◆ **ACTIVITY**
Restate the listing below word for word, omitting any images.

◆ **INPUT DATA**
* * * * * * * * *
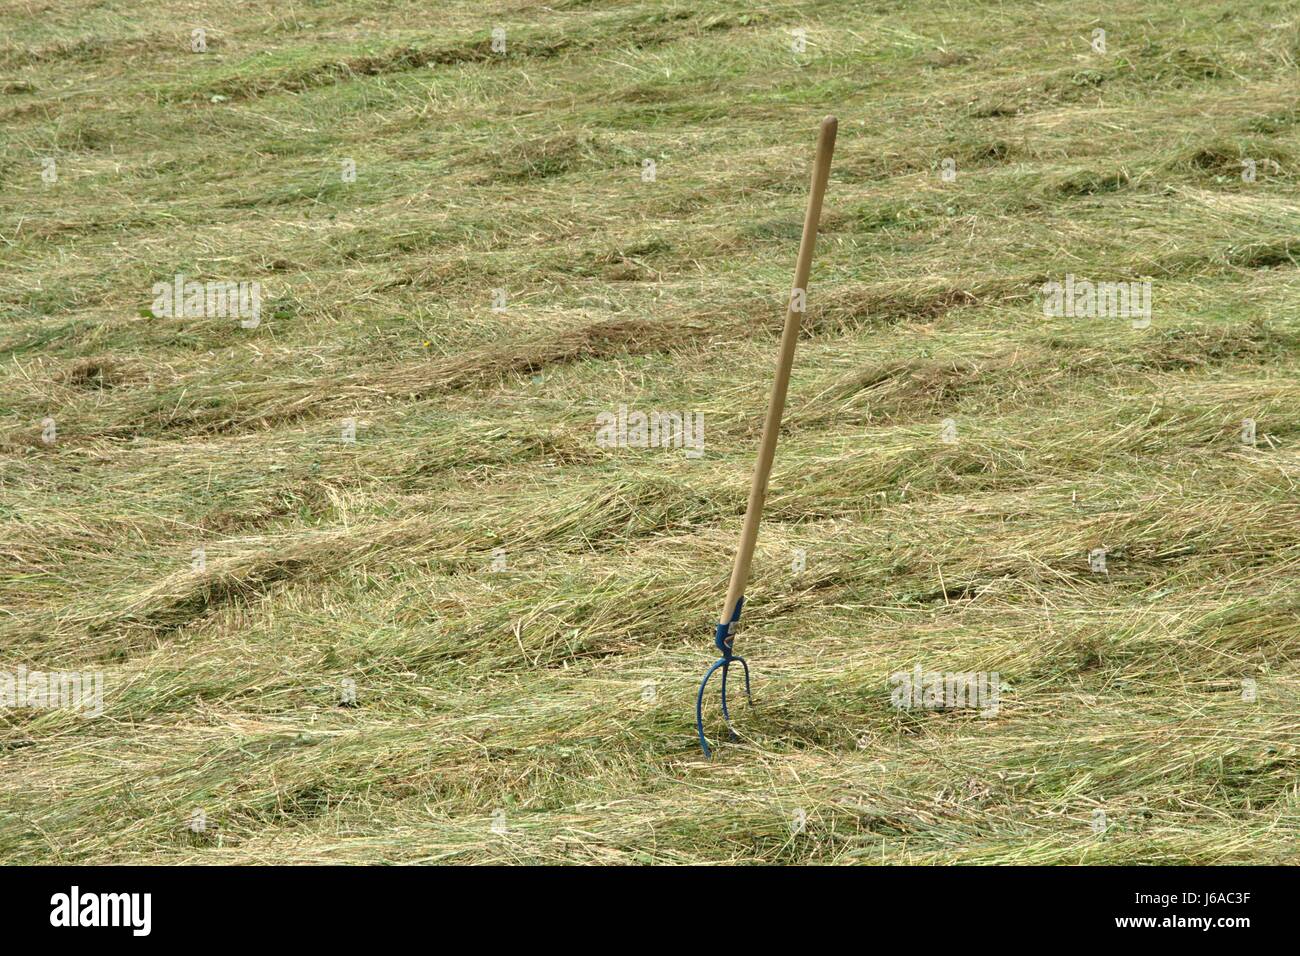 Tablier hay meadow pelouse fourrages verts Agriculture agriculture montagnes grange à foin Banque D'Images
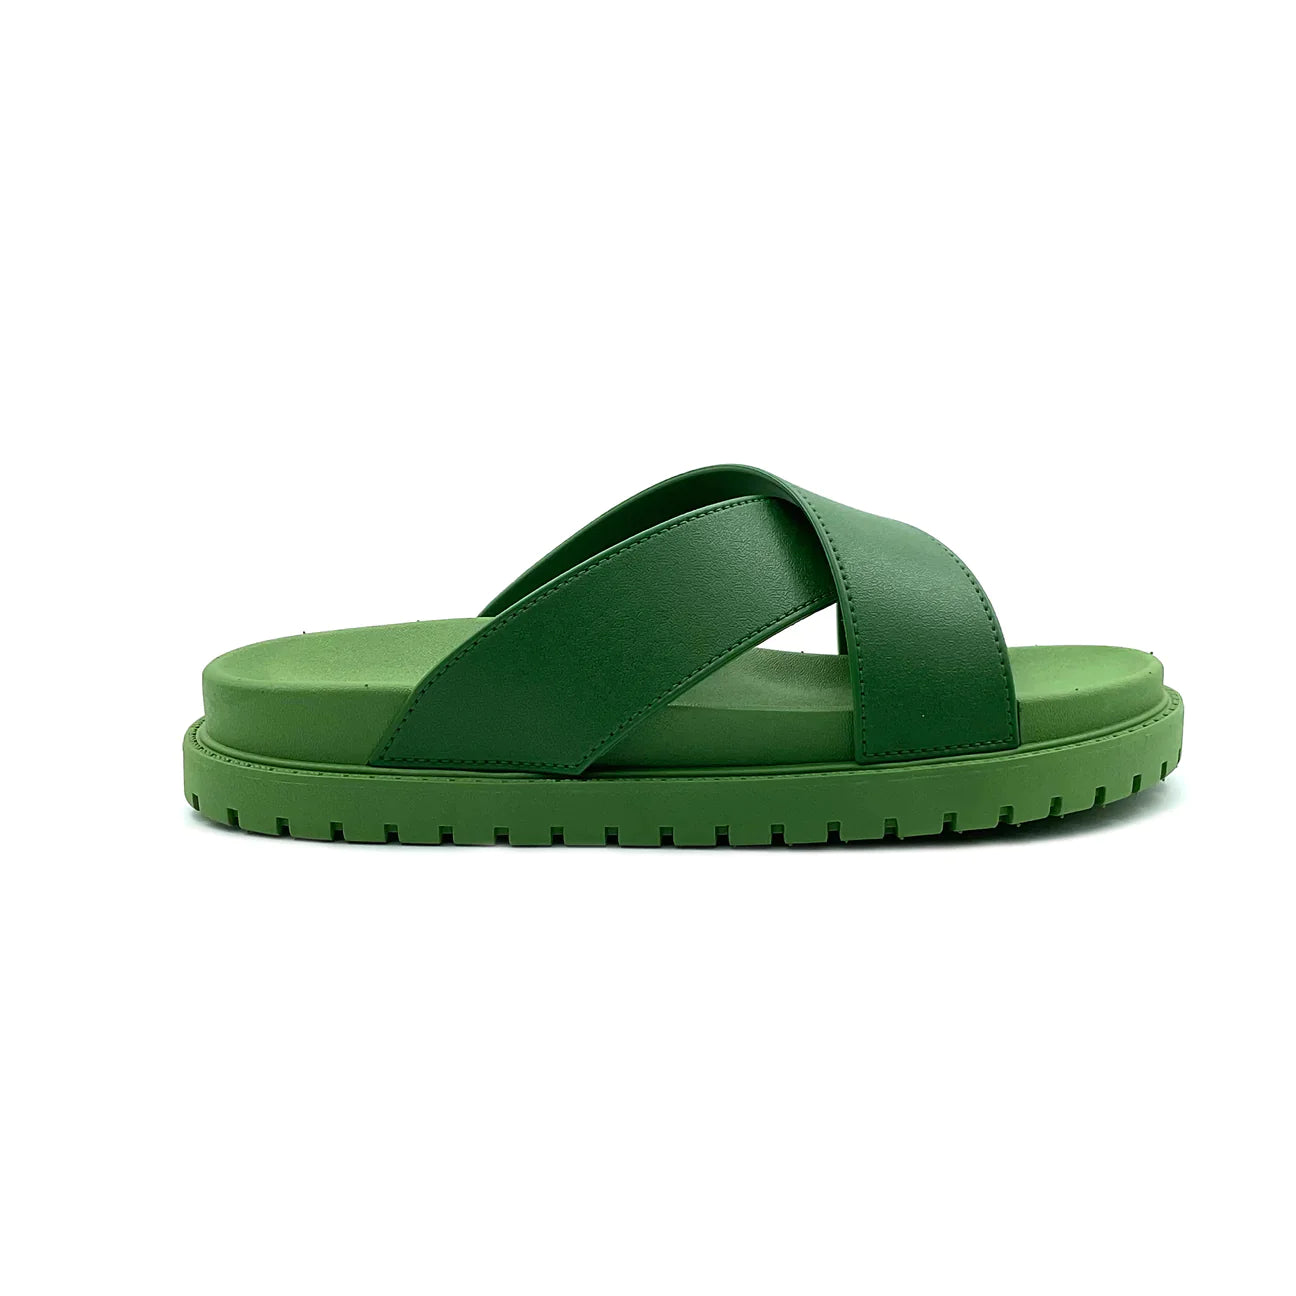 Riosa Cross Slide Sandals
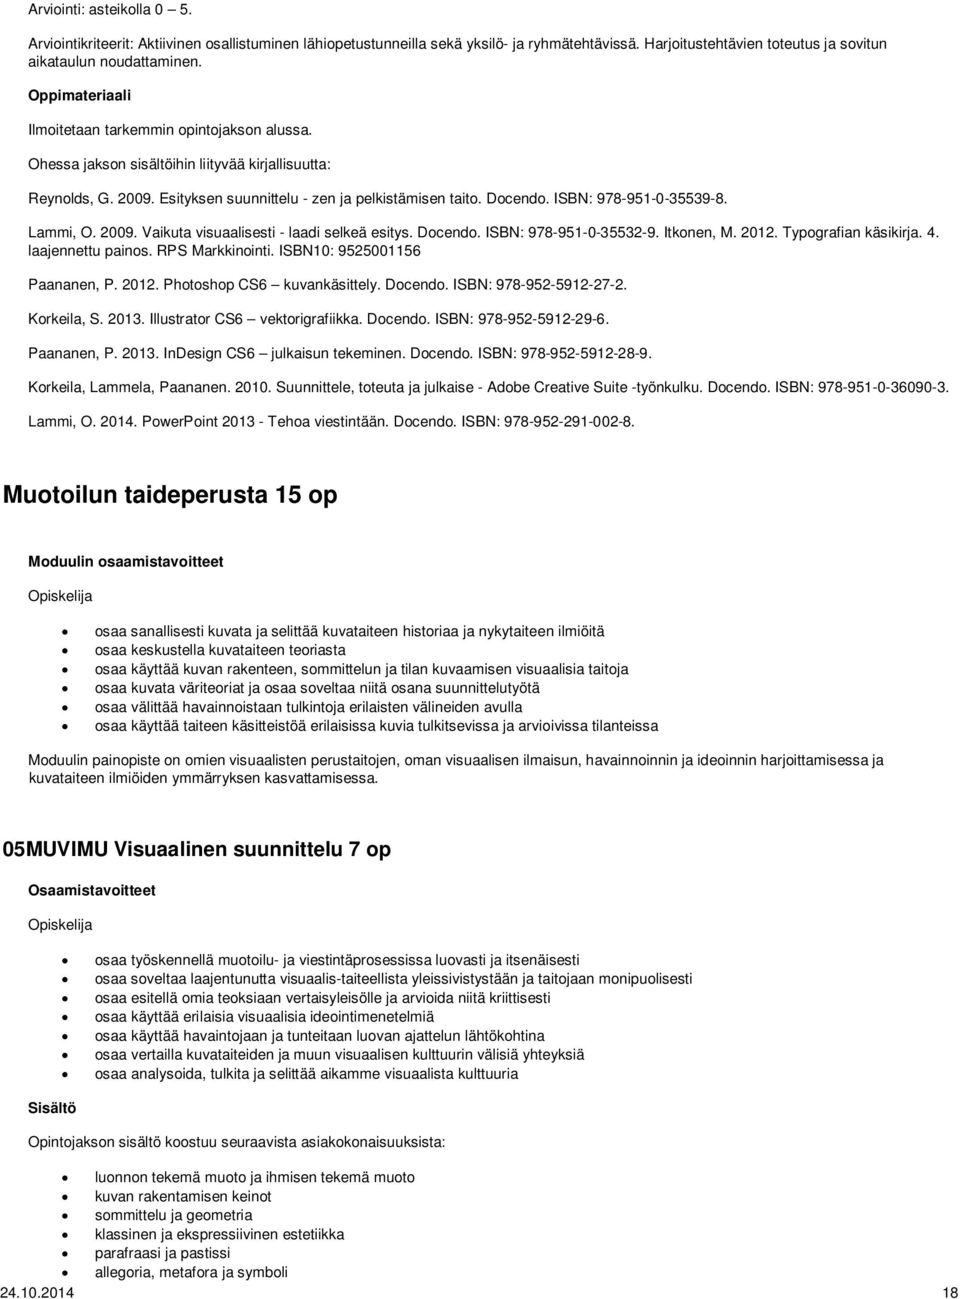 Lammi, O. 2009. Vaikuta visuaalisesti - laadi selkeä esitys. Docendo. ISBN: 978-951-0-35532-9. Itkonen, M. 2012. Typografian käsikirja. 4. laajennettu painos. RPS Markkinointi.
* * * * * * * * *
◆ **TASK ANSWER**
 Tablier hay meadow pelouse fourrages verts Agriculture agriculture montagnes grange à foin Banque D'Images
 Riosa Cross Slide Sandals
 Lammi, O. 2009. Vaikuta visuaalisesti - laadi selkeä esitys. Docendo. ISBN: 978-951-0-35532-9. Itkonen, M. 2012. Typografian käsikirja. 4. laajennettu painos. RPS Markkinointi.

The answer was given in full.